• **INPUT RECORDS**:
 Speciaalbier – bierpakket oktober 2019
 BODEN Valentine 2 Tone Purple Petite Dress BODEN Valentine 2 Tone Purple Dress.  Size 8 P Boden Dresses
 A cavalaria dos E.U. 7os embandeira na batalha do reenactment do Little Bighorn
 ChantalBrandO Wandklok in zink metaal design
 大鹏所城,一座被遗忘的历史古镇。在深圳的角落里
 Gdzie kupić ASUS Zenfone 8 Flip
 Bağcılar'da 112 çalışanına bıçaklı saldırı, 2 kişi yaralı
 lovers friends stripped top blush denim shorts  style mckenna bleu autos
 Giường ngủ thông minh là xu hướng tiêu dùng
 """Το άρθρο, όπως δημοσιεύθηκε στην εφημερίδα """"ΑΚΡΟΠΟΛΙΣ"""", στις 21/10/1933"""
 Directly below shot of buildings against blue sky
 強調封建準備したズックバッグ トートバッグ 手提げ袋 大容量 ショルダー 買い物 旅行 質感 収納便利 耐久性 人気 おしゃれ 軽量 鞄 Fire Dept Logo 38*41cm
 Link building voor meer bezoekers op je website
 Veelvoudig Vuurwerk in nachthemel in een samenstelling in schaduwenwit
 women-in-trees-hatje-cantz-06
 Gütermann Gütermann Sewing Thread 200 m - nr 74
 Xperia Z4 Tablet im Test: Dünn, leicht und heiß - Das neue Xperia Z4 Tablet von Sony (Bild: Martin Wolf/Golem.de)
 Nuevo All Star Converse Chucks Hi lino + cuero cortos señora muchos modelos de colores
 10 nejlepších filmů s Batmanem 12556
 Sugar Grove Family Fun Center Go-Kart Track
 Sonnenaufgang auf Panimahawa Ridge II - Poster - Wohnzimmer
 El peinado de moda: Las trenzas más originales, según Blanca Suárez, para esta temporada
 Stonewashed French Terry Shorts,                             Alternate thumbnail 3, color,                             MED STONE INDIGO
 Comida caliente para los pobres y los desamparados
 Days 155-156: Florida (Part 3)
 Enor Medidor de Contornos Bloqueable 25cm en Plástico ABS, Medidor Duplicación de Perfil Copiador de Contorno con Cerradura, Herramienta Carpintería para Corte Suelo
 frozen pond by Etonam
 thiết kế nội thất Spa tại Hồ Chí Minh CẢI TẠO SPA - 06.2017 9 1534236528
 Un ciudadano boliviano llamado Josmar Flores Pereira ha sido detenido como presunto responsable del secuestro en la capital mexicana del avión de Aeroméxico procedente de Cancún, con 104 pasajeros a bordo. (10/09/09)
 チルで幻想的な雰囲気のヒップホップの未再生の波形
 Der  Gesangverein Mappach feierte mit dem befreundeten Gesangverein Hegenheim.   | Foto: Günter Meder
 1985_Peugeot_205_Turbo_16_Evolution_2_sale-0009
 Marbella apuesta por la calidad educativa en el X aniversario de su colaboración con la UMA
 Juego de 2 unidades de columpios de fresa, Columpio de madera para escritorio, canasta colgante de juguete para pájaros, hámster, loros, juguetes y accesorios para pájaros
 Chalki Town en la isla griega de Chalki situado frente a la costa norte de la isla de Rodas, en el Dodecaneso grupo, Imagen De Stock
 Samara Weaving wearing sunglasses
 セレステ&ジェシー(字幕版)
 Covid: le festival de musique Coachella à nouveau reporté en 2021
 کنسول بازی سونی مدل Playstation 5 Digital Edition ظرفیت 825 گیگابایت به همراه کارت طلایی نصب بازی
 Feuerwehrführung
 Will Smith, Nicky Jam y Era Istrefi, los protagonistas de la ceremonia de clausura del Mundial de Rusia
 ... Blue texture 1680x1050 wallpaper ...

• **PROBLEM TO WORK ON**:
Retype nothing except the lines from the line holding "کنسول بازی سونی" through the last line of the entries, both included.

• **RESULT OF THIS TASK**:
 کنسول بازی سونی مدل Playstation 5 Digital Edition ظرفیت 825 گیگابایت به همراه کارت طلایی نصب بازی
 Feuerwehrführung
 Will Smith, Nicky Jam y Era Istrefi, los protagonistas de la ceremonia de clausura del Mundial de Rusia
 ... Blue texture 1680x1050 wallpaper ...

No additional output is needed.